> _Exercise aim_
Transcribe the records below in full; pictures stay out of the copy.
──────────────────────────────
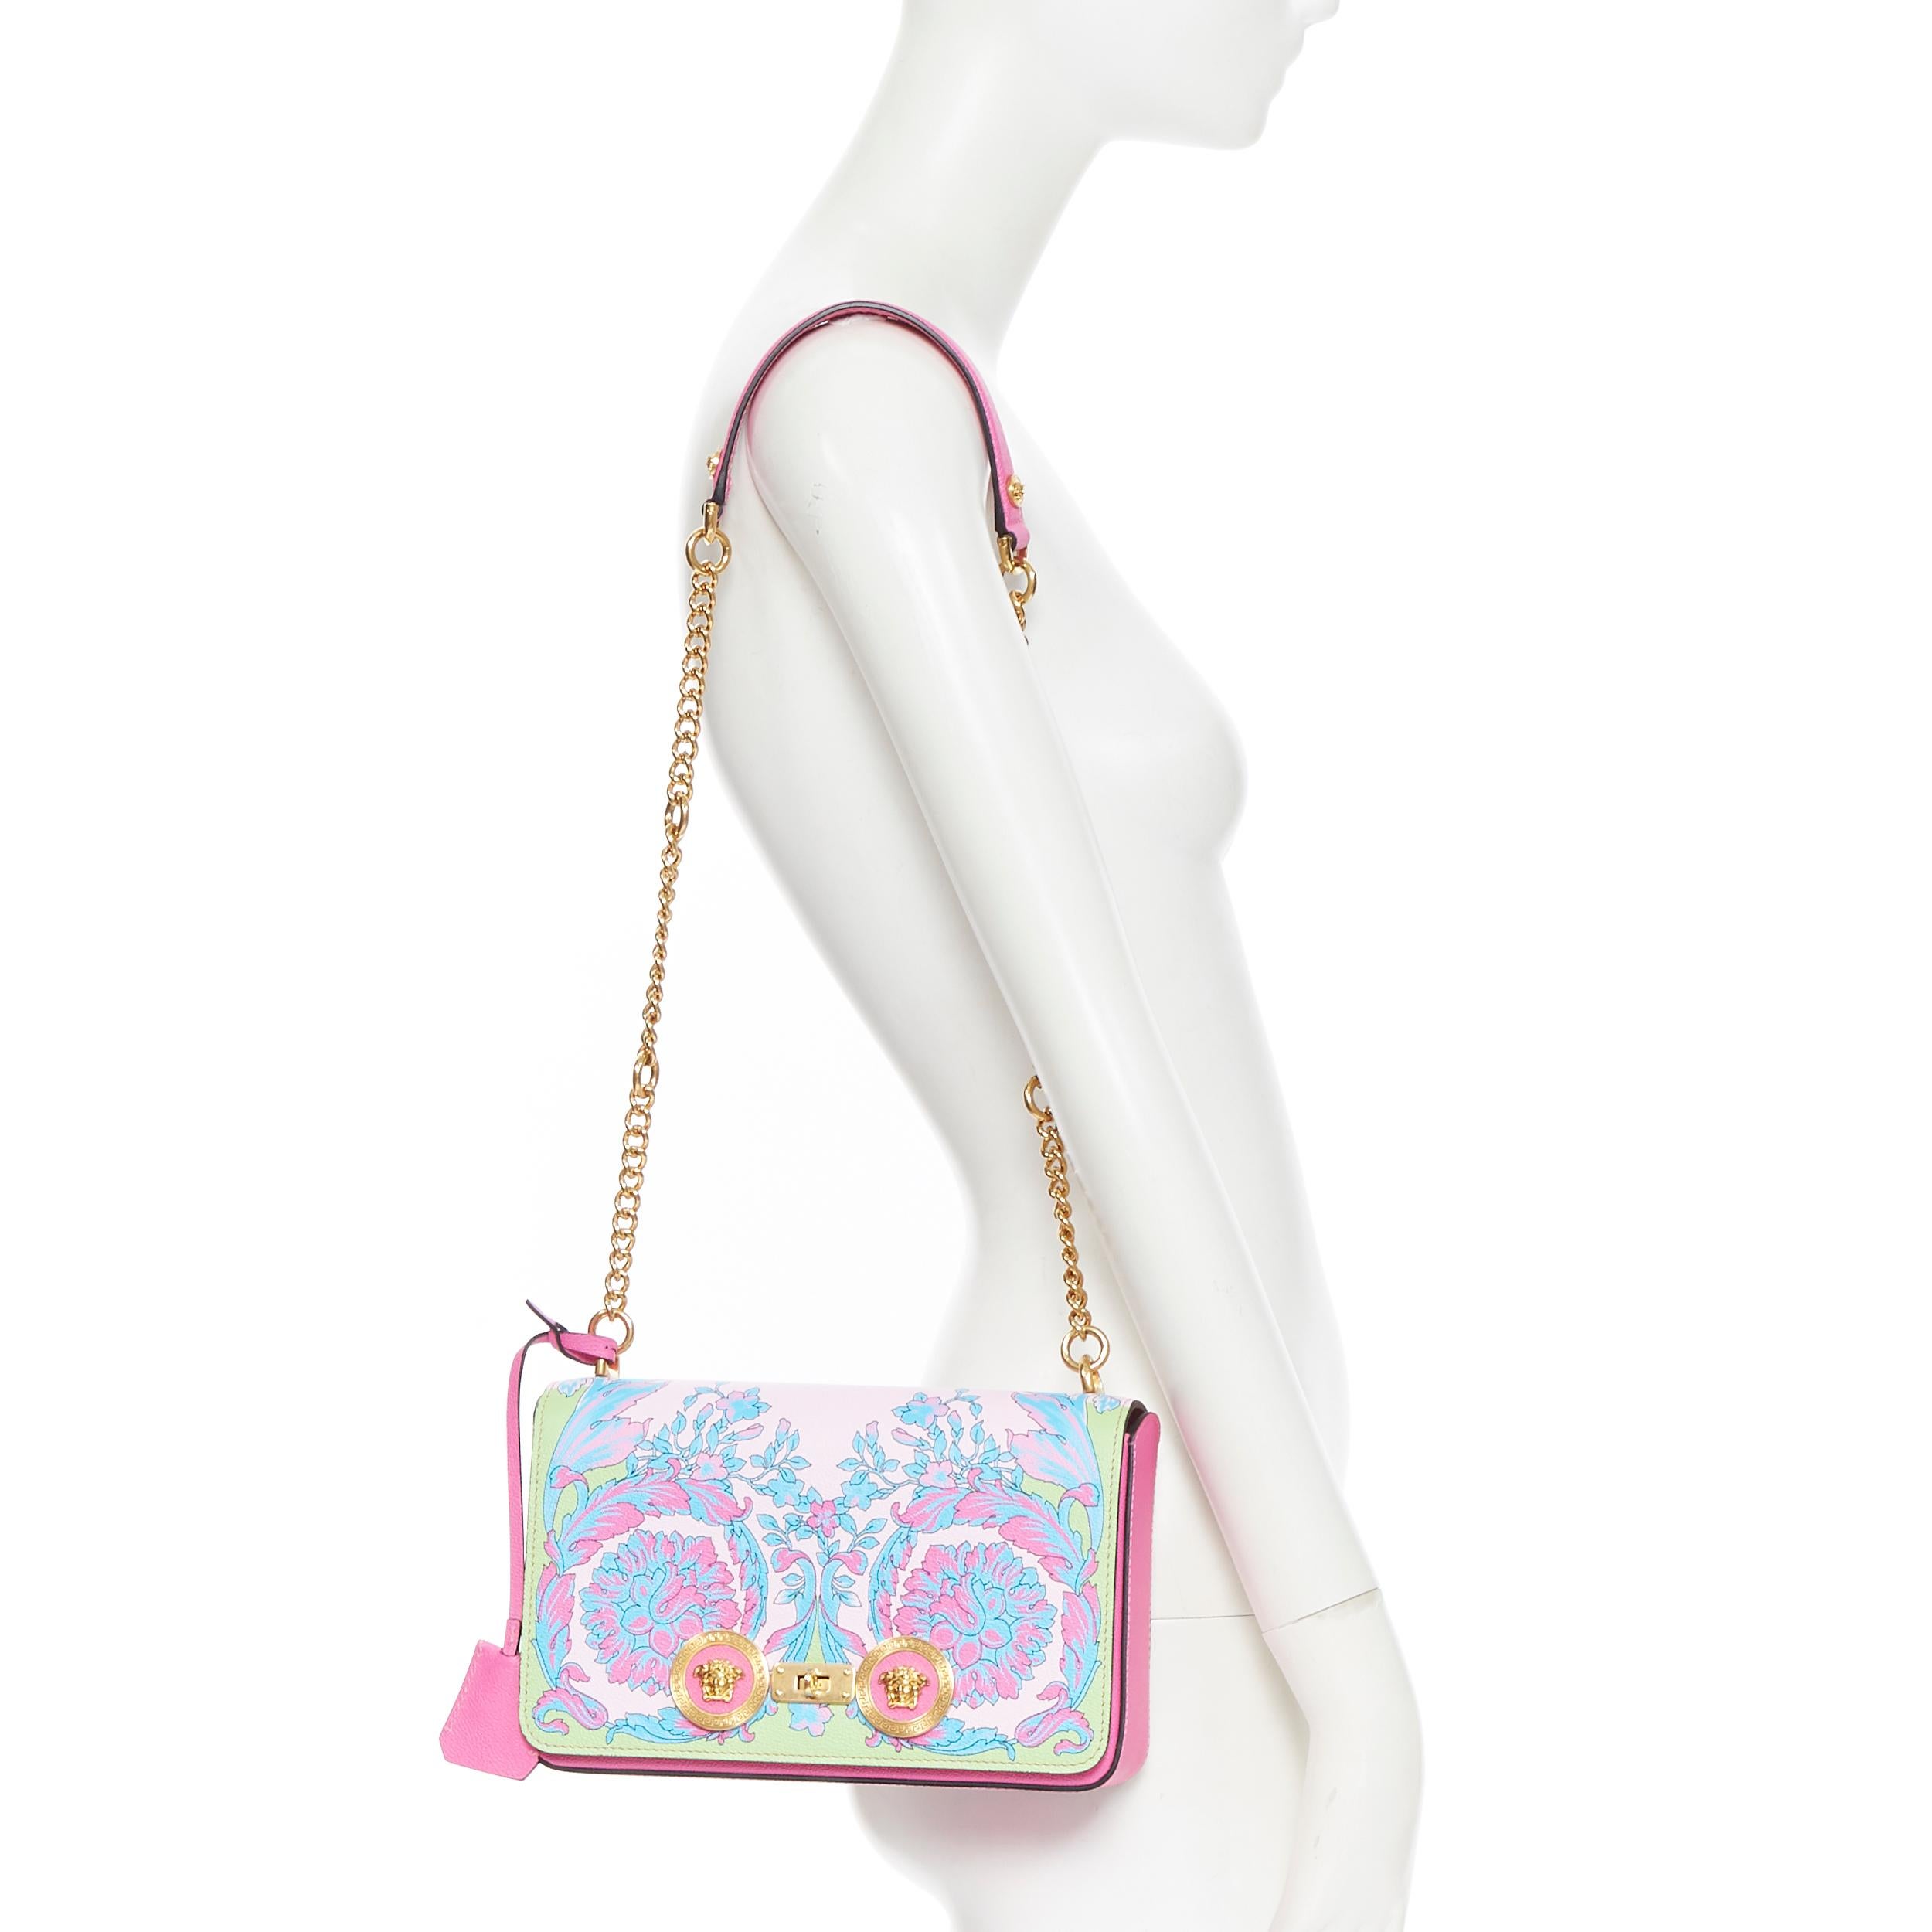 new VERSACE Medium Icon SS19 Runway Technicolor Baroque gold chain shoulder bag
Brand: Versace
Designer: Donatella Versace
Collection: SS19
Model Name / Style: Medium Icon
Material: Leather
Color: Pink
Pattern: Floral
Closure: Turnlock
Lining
──────────────────────────────
> _Completed task_
 new VERSACE Medium Icon SS19 Runway Technicolor Baroque gold chain shoulder bag
Brand: Versace
Designer: Donatella Versace
Collection: SS19
Model Name / Style: Medium Icon
Material: Leather
Color: Pink
Pattern: Floral
Closure: Turnlock
Lining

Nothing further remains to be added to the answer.